# INPUT DATA
☆ ☆ ☆ ☆ ☆ ☆ ☆
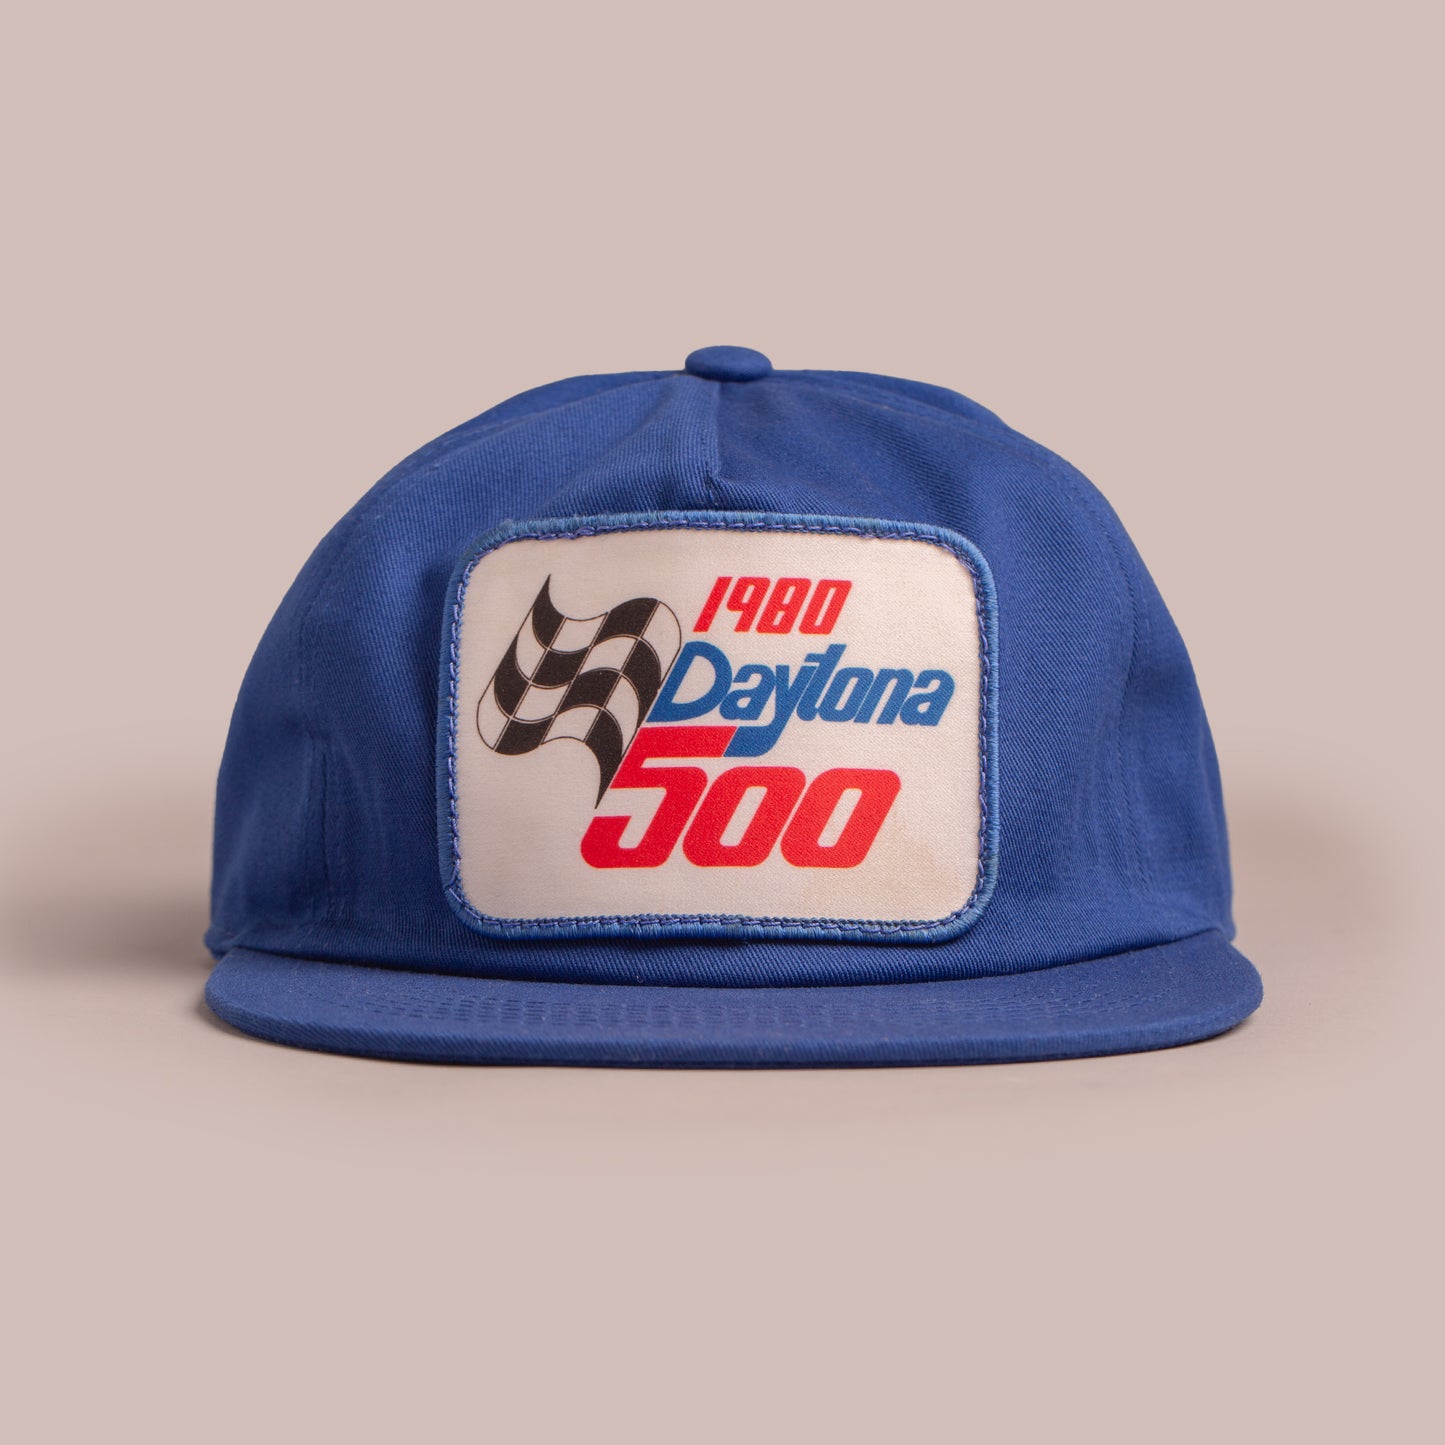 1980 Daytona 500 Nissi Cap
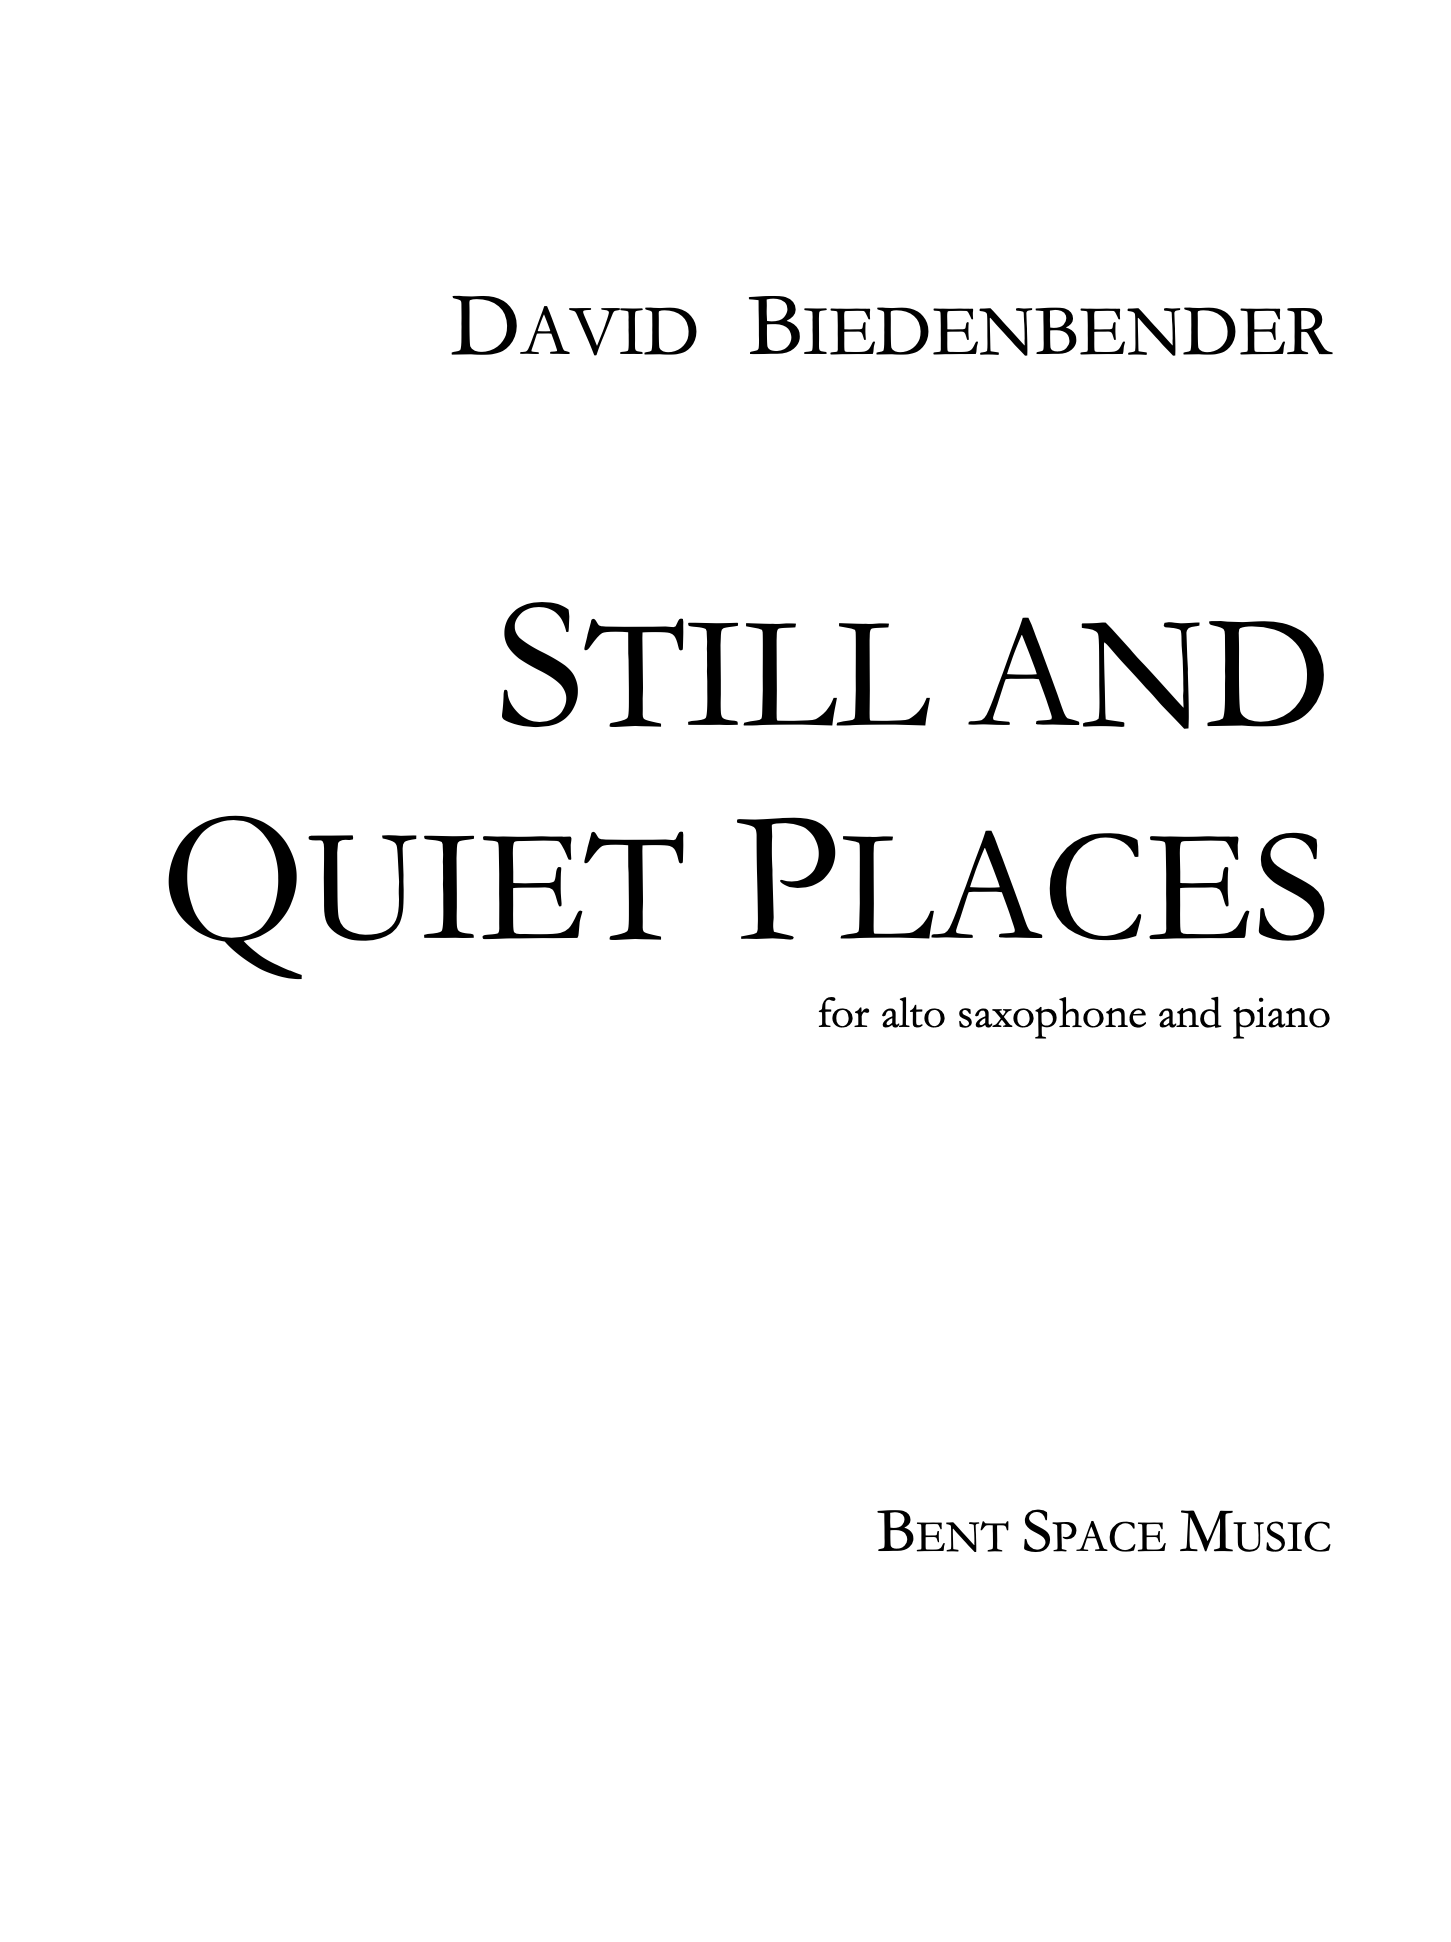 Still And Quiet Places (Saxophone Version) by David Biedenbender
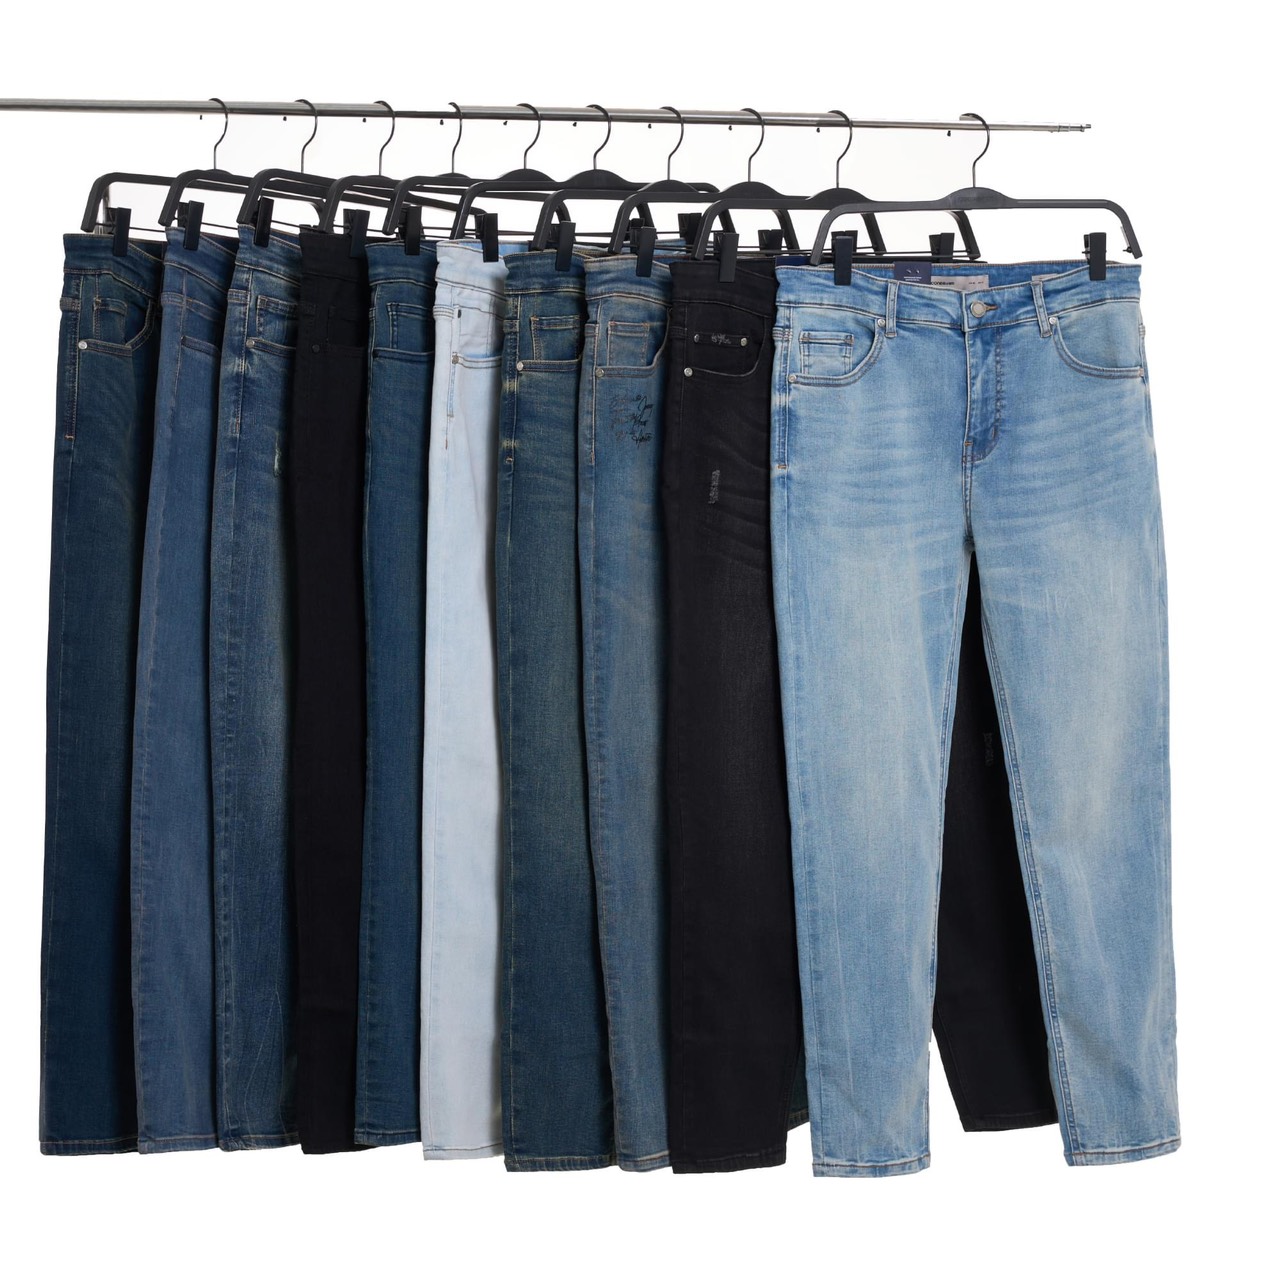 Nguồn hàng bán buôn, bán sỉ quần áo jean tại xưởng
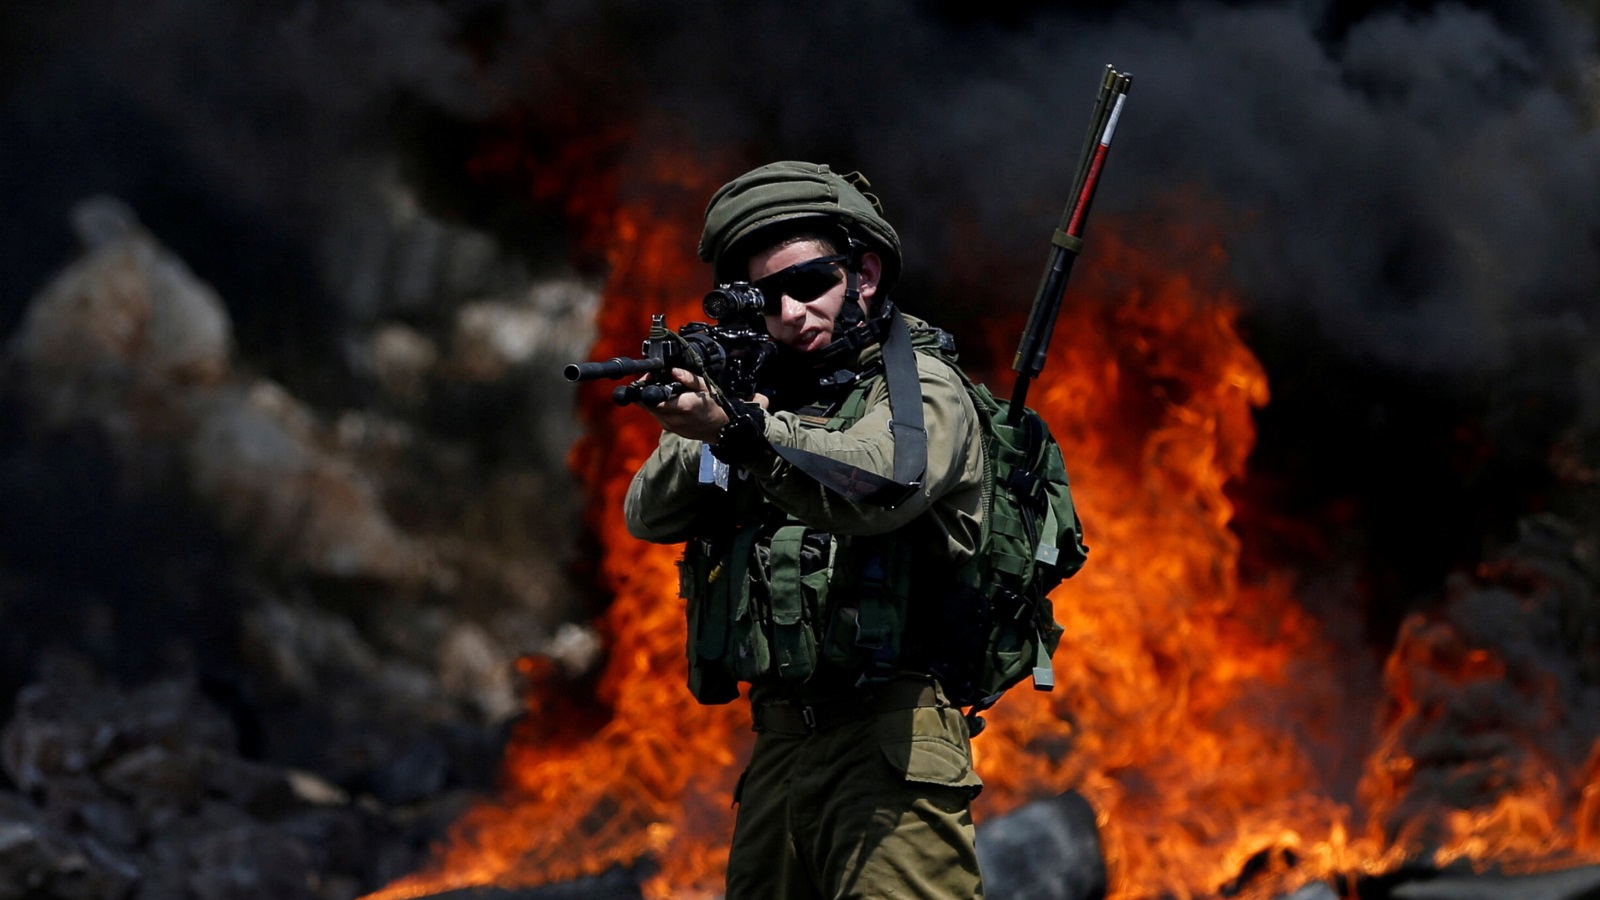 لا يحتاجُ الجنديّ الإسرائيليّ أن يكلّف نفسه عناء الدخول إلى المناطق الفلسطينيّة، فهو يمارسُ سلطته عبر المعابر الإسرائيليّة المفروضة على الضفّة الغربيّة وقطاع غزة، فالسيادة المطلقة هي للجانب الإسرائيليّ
☆ ☆ ☆ ☆ ☆ ☆ ☆
# REQUIRED ACTION
Every line from the one with "Nguồn hàng bán" through the last line of the listing above must be written out exactly, and no picture may appear.

# WRITTEN ANSWER
 Nguồn hàng bán buôn, bán sỉ quần áo jean tại xưởng
 لا يحتاجُ الجنديّ الإسرائيليّ أن يكلّف نفسه عناء الدخول إلى المناطق الفلسطينيّة، فهو يمارسُ سلطته عبر المعابر الإسرائيليّة المفروضة على الضفّة الغربيّة وقطاع غزة، فالسيادة المطلقة هي للجانب الإسرائيليّ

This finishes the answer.